"Find a peaceful place where you can make plans for the future"
January 15 - March 12, 2017
Ross Bleckner is known for painting a spectrum of subjects—from pulsating lines in his resurrection of Op art in the 1980s to the magnified cellular structures of autoimmune diseases in the 1990s and newer contemplative works from the past few years. Bleckner’s Dallas Contemporary exhibition takes its title from a fortune cookie. Under this prophetic umbrella, the artist presents paintings of landscapes, crowds, flowers, architecture, and birds, all from the last two years. Together they function as memento mori—a meditation on memory and loss.
Bleckner explores the space where the architecture of place meets the architecture of the sky—revealing phenomena of paint and light—in an oeuvre teetering between a call for salvation and a silent abyss.

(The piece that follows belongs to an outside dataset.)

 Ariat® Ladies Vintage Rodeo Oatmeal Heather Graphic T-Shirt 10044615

It is this philosophical query around the physical and the absent that animates Bleckner’s newest artworks. They are activated through a tension between materiality, physicality, and the sublime.
Recent abstract landscapes are both a natural evolution of his painting process and a summary of historical paintings from the past sixty years. Engaging in this neo-romantic landscape tradition, the works present tranquil and serene visions driven by color and composition. The wide variety of flower works continues Bleckner’s examinations of landscapes, abstraction, and the history of art. Bleckner draws upon the deep symbolism of flowers seen over diverse time periods and geographic locations.

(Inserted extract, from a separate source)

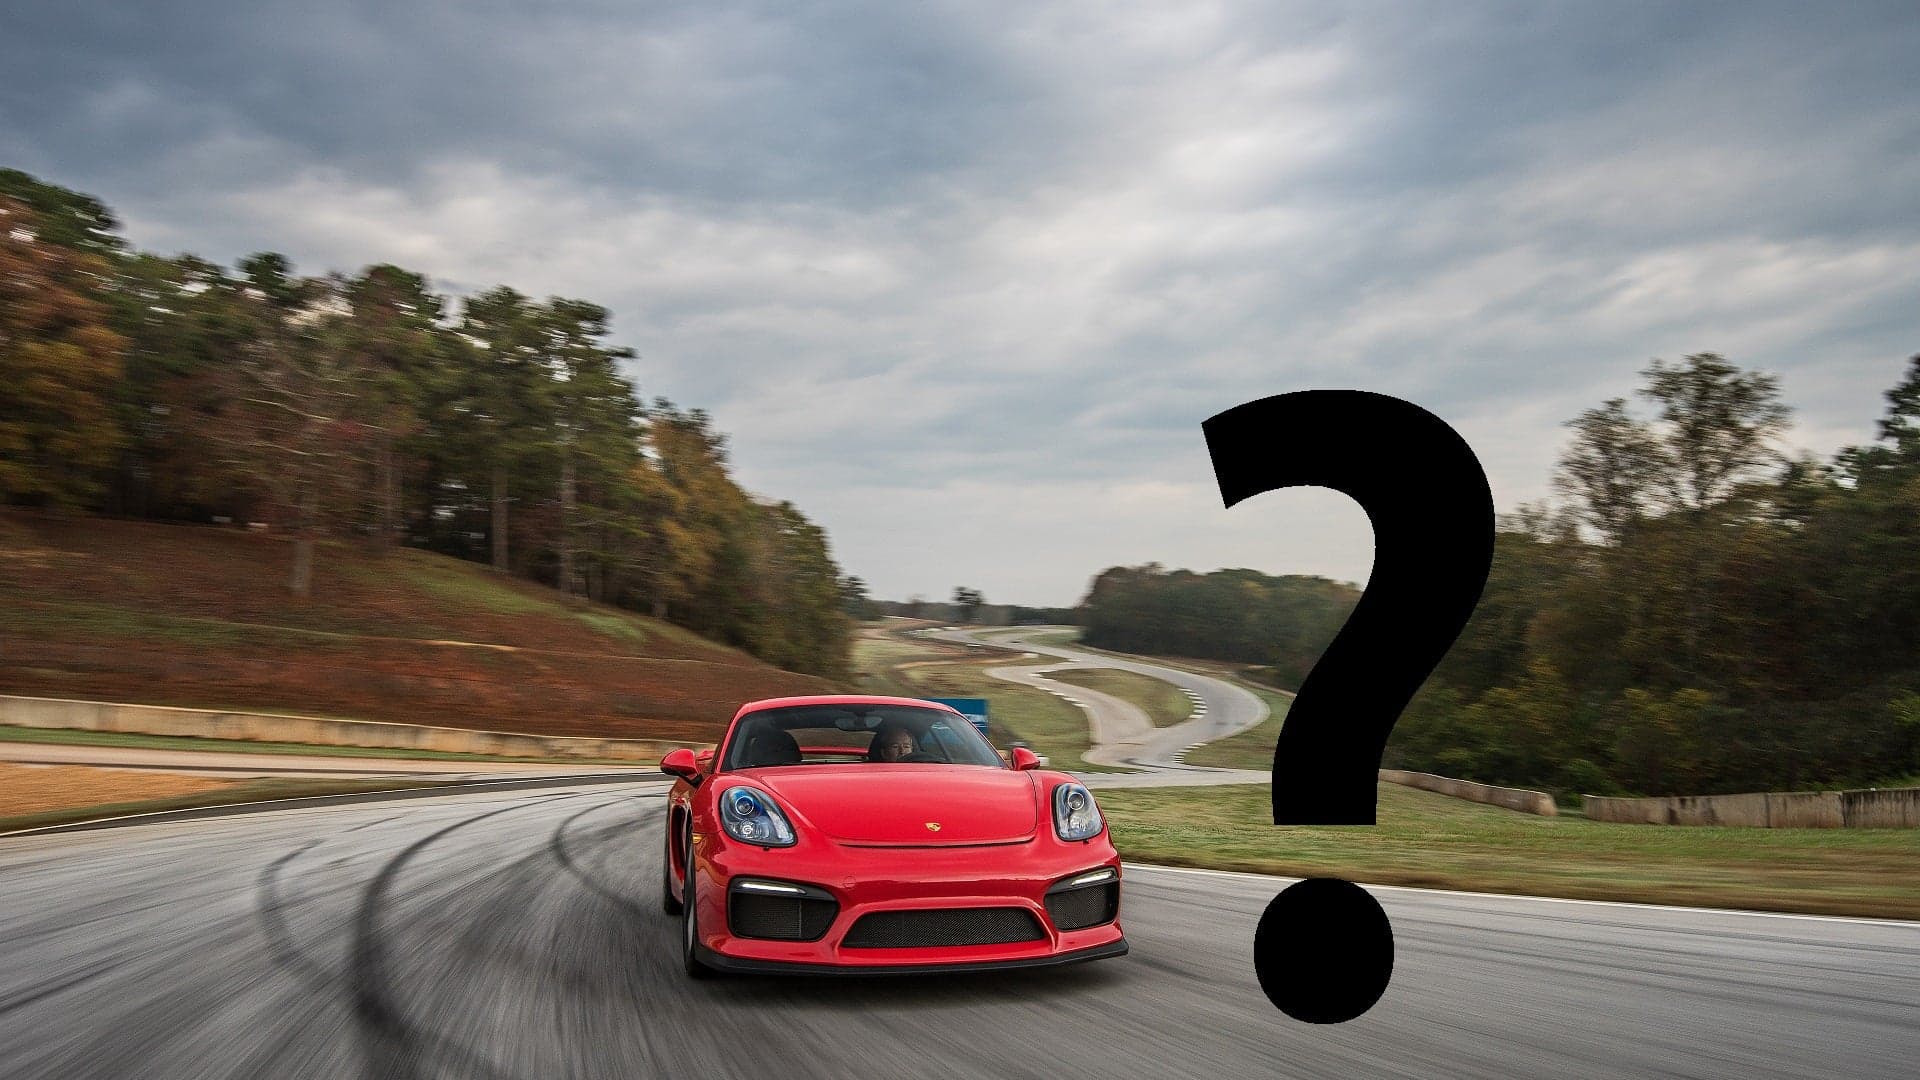 Another New Porsche To Bow At Geneva Auto Show, But What Is It?

Central to the artist’s practice is the layering of paint onto the canvas and then subsequently scraping it away—a perpetual process of creating and editing, adding and subtracting. Bleckner compares his creative process to the manner in which an architect constructs a building. He achieves a depth of color by gradually layering paint onto the canvas. For example with his series of bird compositions, at one point in the creative process, the surfaces are entirely covered in paint, until Bleckner carves the birds out of the accumulated layers. The birds are defined by their absence.
Born and raised on Long Island, Bleckner is a native New Yorker who splits his time between the city and the country. He studied at New York University, where he now teaches. Several of his art works are in the permanent collections of New York’s Museum of Modern Art, the Whitney Museum of American Art, and the Guggenheim Museum.